Add STR decoy chromosomes to your reference genome:
cat hg38.fasta STRdecoys.fasta > hg38.STRdecoys.fasta

Sort the fasta file and make sure lines are a uniform length:
python STRetch/scripts/sort_fasta.py --infile hg38.STRdecoys.fasta --outfile hg38.STRdecoys.sorted.fasta

Create some extra indices required for the STRetch pipeline

Index for BWA:
bwa index hg38.STRdecoys.sorted.fasta

Generate faidx index:
samtools faidx hg38.STRdecoys.sorted.fasta

Create BED file specifying locations of STR decoy chromosomes:
grep STR hg38.STRdecoys.sorted.fasta.fai | awk -v OFS='\t' '{ print $1, 0, $2 -1 }' > STRdecoys.bed

Sort the BED file: bedtools sort -i STRdecoys.bed > STRdecoys.sorted.bed

Generate genome file:
cut -f1,2 hg38.STRdecoys.sorted.fasta.fai > hg38.STRdecoys.sorted.fasta.genome

Create a BED file specifying all STRs in the reference genome

For genomes listed in UCSC and annotated with STRs you can download and use this annotation.
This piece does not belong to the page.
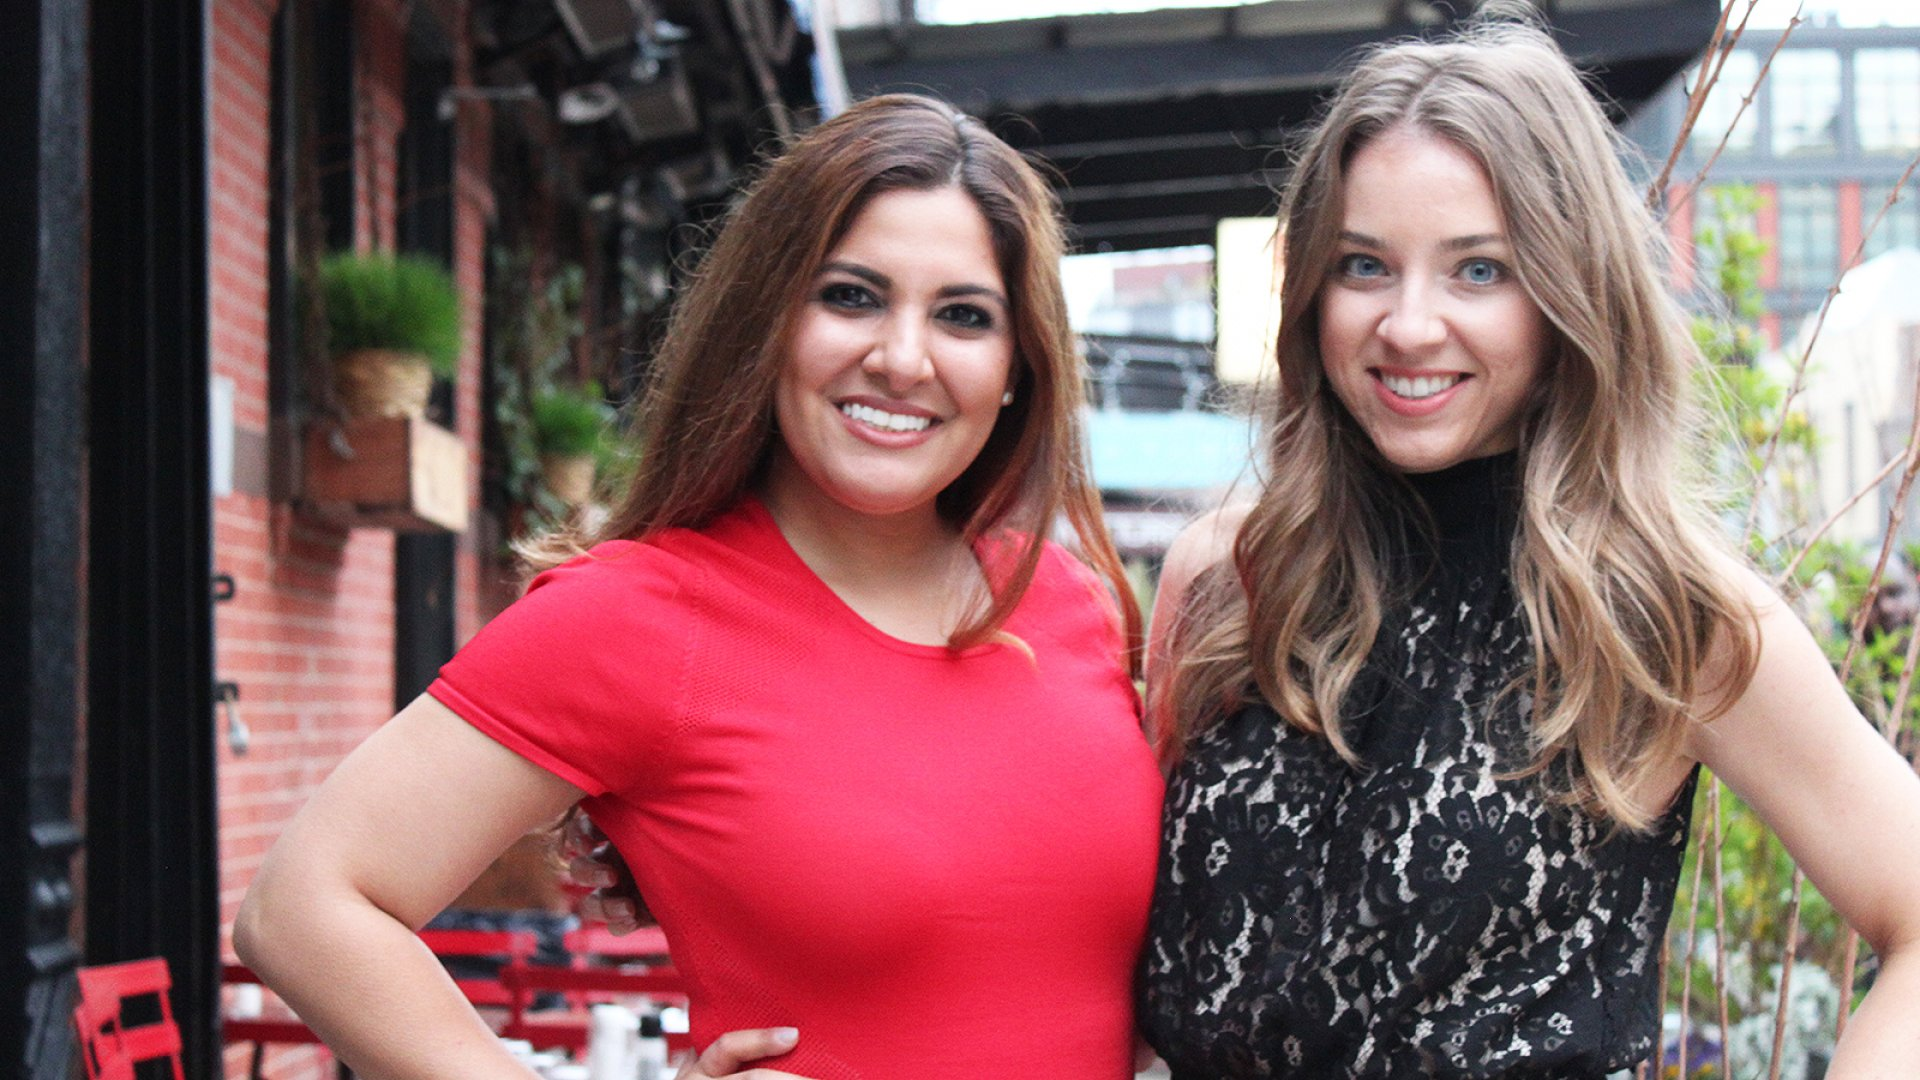 Invibed co-founded Dani Pascarella (left) and Korrie Martinez.

For genomes not listed in UCSC, see the instructions for running Tandem Repeat Finder below.

For a genome that has already been annotated with STRs

Download the Tandem Repeats Finder annotation of the reference genome from UCSC
File name: hg38.simpleRepeat.txt.gz
wget http://hgdownload.cse.ucsc.edu/goldenPath/hg38/database/simpleRepeat.txt.gz -O hg38.simpleRepeat.txt.gz

Filter to only repeat units of 6bp or less, then extract columns required to create a bed file:
gzip -dc hg38.simpleRepeat.txt.gz | awk '($6 <= 6)' | awk -v OFS='\t' '{print $2,$3,$4,$17,$7}' > hg38.simpleRepeat_period1-6.bed

Remove duplicate lines (lines where two different repeat units are annotated at the same locus):
Rscript STRetch/scripts/dedupSTRannotation.R -i hg38.simpleRepeat_period1-6.bed -o hg38.simpleRepeat_period1-6.dedup.bed

Sort:
bedtools sort -i hg38.simpleRepeat_period1-6.dedup.bed > hg38.simpleRepeat_period1-6.dedup.sorted.bed

For a genome that has not been annotated with STRs

For a new genome that has not already been annotated with STRs, you will need to run Tandem Repeat Finder.
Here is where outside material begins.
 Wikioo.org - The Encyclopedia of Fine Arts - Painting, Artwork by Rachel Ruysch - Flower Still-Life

Download TRF from: https://tandem.bu.edu/trf/trf409.linux64.download.html

Move the file to your linux cluster, and set it to be executable. e.g.

chmod ug+xr trf409.linux64

Run TRF on your entire original reference genome (without the extra STR chromosomes). These are the default settings for TRF, except limiting it to detect STRs with up to 6bp repeat units.
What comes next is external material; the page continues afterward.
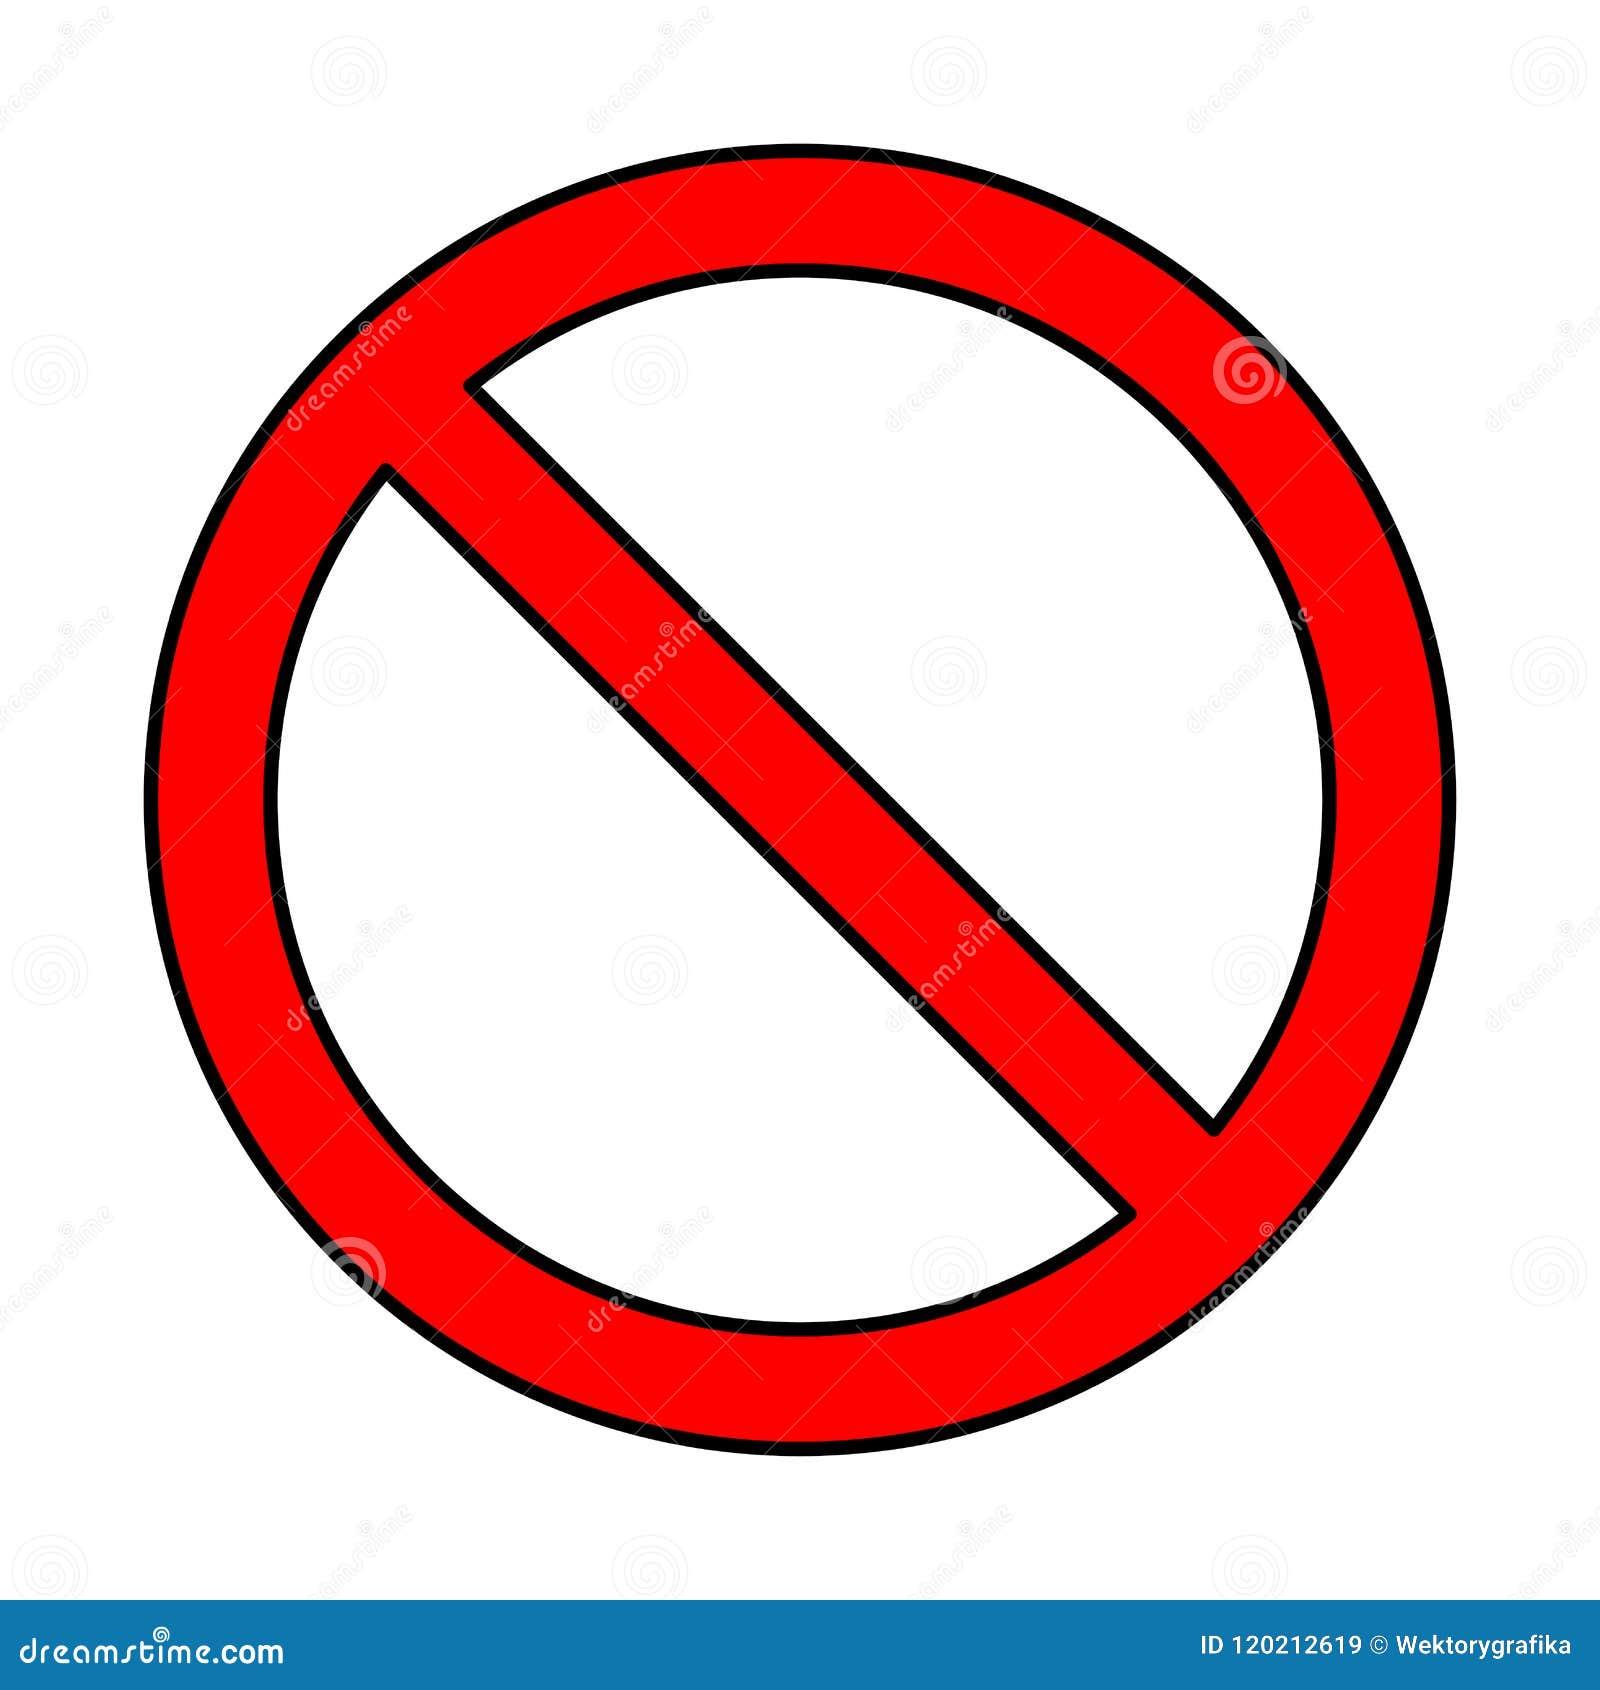 No sign, prohibition symbol design isolated on white background

./trf409.linux64 hg38.fasta 2 7 7 80 10 50 6 -dh

Convert to BED format with the provided script.

python STRetch/scripts/TRFdat_to_bed.py --dat hg38.fasta.2.7.7.80.10.50.6.dat --bed hg38.trf_period1-6.bed

Remove duplicate lines (lines where two different repeat units are annotated at the same locus):

Rscript STRetch/scripts/dedupSTRannotation.R -i hg38.trf_period1-6.bed -o hg38.trf_period1-6.dedup.bed

Sort:

bedtools sort -i hg38.trf_period1-6.dedup.bed > hg38.trf_period1-6.dedup.sorted.bed

Check you have all the reference data required by STRetch

Edit pipeline_config.groovy to point to these new fasta and bed files (the indexes must be in the same directory, but don't need to be specified). You will need to edit the lines:

REF="/home/hdashnow/STRetch/reference-data/hg38.STRdecoys.sorted.fasta"
STR_BED="/home/hdashnow/STRetch/reference-data/hg38.simpleRepeat_period1-6_dedup.sorted.bed"

You should now, at a minimum, have the following files in STRetch/reference-data:

hg38.simpleRepeat_period1-6.dedup.sorted.bed
hg38.STRdecoys.sorted.fasta
hg38.STRdecoys.sorted.fasta.amb
hg38.STRdecoys.sorted.fasta.ann
hg38.STRdecoys.sorted.fasta.bwt
hg38.STRdecoys.sorted.fasta.genome
hg38.STRdecoys.sorted.fasta.pac
hg38.STRdecoys.sorted.fasta.sa
STRdecoys.sorted.bed

If any of these files are missing, STRetch will not run!

Solutions to common reference issues

  • Make sure your chromosomes names match up in all files, for example "chr1" vs "1". You may need to edit the simpleRepeat bed file to ensure they match.
  • Make sure all your files are sorted.